The Lame Chick blames it on sleeplessness.

When I was around eight years old, I experienced a palpable shift in my emotions, where I was suddenly overwhelmed by sadness, and worry. I couldn’t have known back then, but that’s when my struggle with Depression began. I was involved in a lot of school activities, and lived in an apartment building filled with kids my age, so keeping my juvenile mind occupied during the day wasn’t difficult. At night though, I would do everything I could to avoid those in-between moments, the slow fade from willful action, to involuntary thought, to the peaceful drift of sleep.

If I closed my eyes, and sleep wasn’t instantaneous, my mind was off to the races. I worried about my family, about being taken away from my parents, world wars, plane crashes, and Armageddon. I feared the restless dead, the great beyond, and being turned into a shadow by the boogeyman, Mister Puff. I would do anything and everything to try to keep my mind occupied enough to be unthinking. My Rainbow Brite and Betty Boop dolls had dance competitions across my torso, I hid my Lite Brite under my pillow so it would be ready to go as soon as I knew my parents were down for the night. Sometimes I used it to create midnight masterpieces, eventually waking up with fluorescent pegs embedded in my skin, other times I used it as a light to read by, or the stage for shadow puppet theater. I’d sing songs, perform intricate bed-top gymnastic routines, anything that got me from wake to sleep, without the in-between.

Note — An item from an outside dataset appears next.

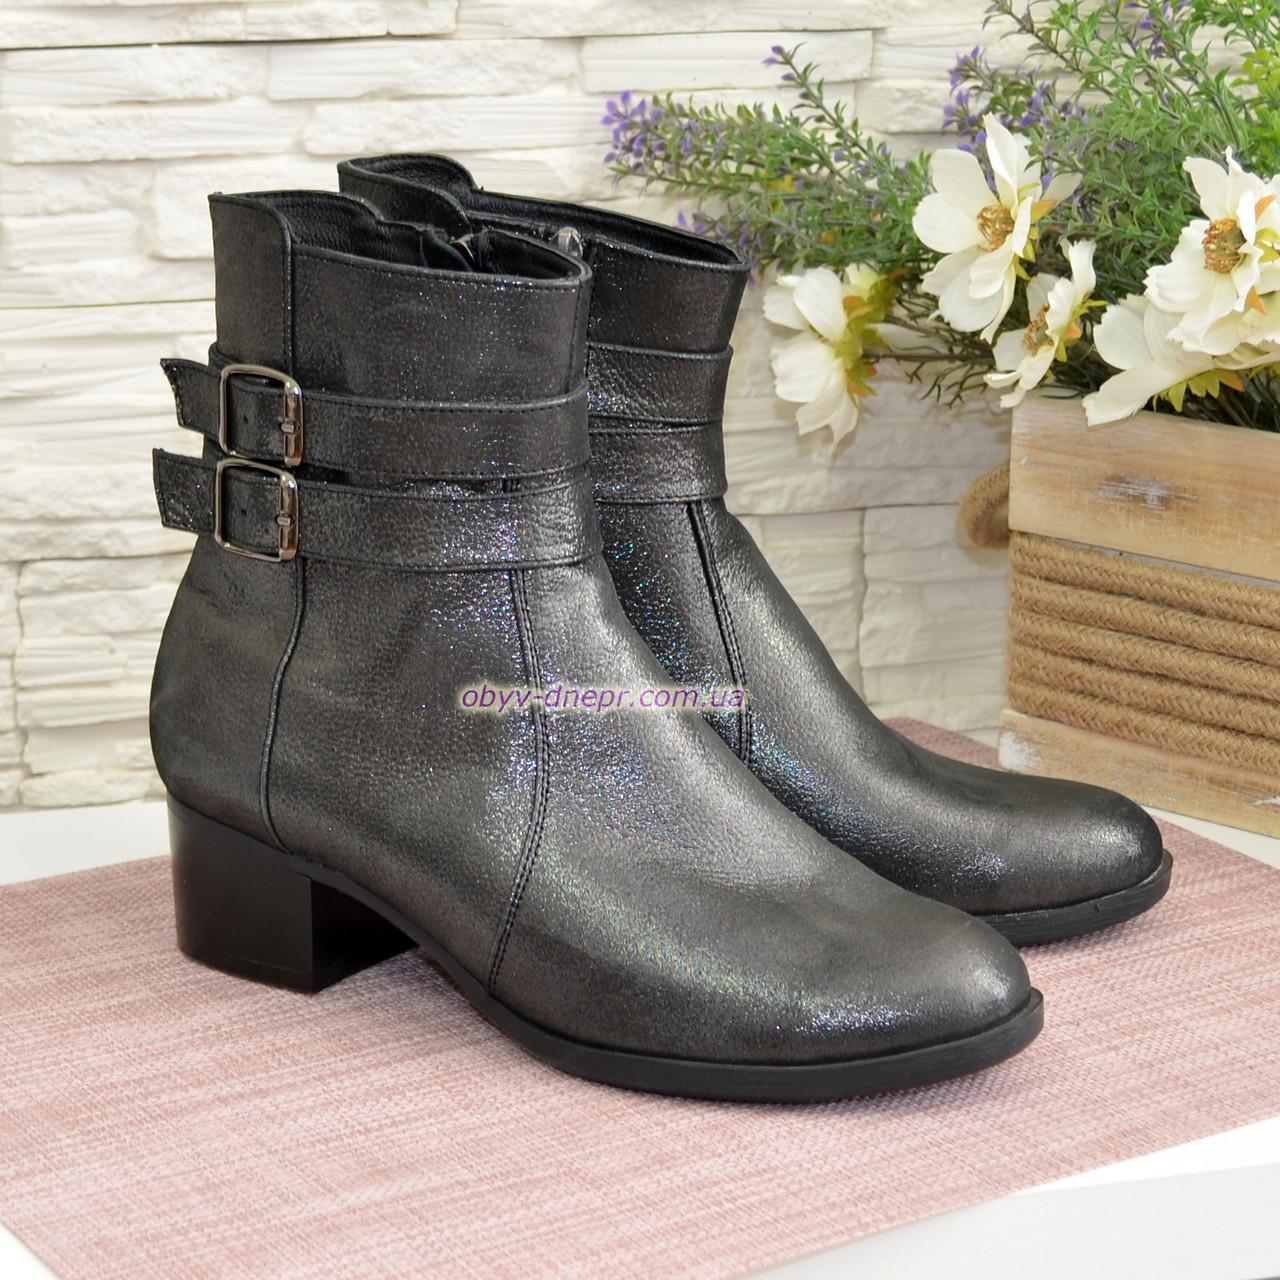 Ботинки кожаные демисезонные на невысоком каблуке, декорированы ремешками

Needless to say, mornings became a battlefield. My dad would drag me out of bed because I either wouldn’t or couldn’t do it myself. We brawled, and it only worsened as I got older…because yes, this carried on into my teenage years. As I aged, games and toys transitioned to reading, writing, and television. Somewhere in there I developed a fear of the world ending…but it only presented itself at night. I convinced myself that the world could only end in darkness, so as long as I stayed awake until sunrise, I knew it would be safe to sleep.

Over time, the depression and anxiety blossomed, so there was no longer the protection of nighttime containment. Though it now effected me during my waking hours as well, I still dreaded that march toward sleep the most. There were times when I let it consume me, telling myself things like “tears can be therapeutic”, and “a racing mind can lead to inspiration”…and sometimes I just didn’t have the energy to fight it. The older I got though, the deeper the toll it took on my life. I self-medicated for a while, and though it helped erase the in-between, and helped numb emotions I desperately tried to avoid, I felt I was losing myself. I am the type of person who needs to feel to be alive, regardless of how awful the things are that I’m feeling. With that wake-up call, I saved myself from a journey I may not have returned from, and began my current one, of self realization.

Two and a half decades later, sleep is still a struggle. With the stillness of each night, I wade through incessant waves of dark thoughts and fears. In an attempt to push them far enough out to sea, to rest my mind, I try to bombard myself with happy thoughts. Occasionally, it loops back around, reminding me that memories are of the past, starting the cycle of sadness over again, but when it works, it’s like a charm..like a movie reel, showing my most joyous memories of people, places, and things. I can’t remember how this practice started exactly, but it does whisper remnants of childhood pixie dust. So, until something more efficient comes along, I’ll continue to believe that if I think enough “happy, wonderful thoughts”, off I’ll go, to DreamLand.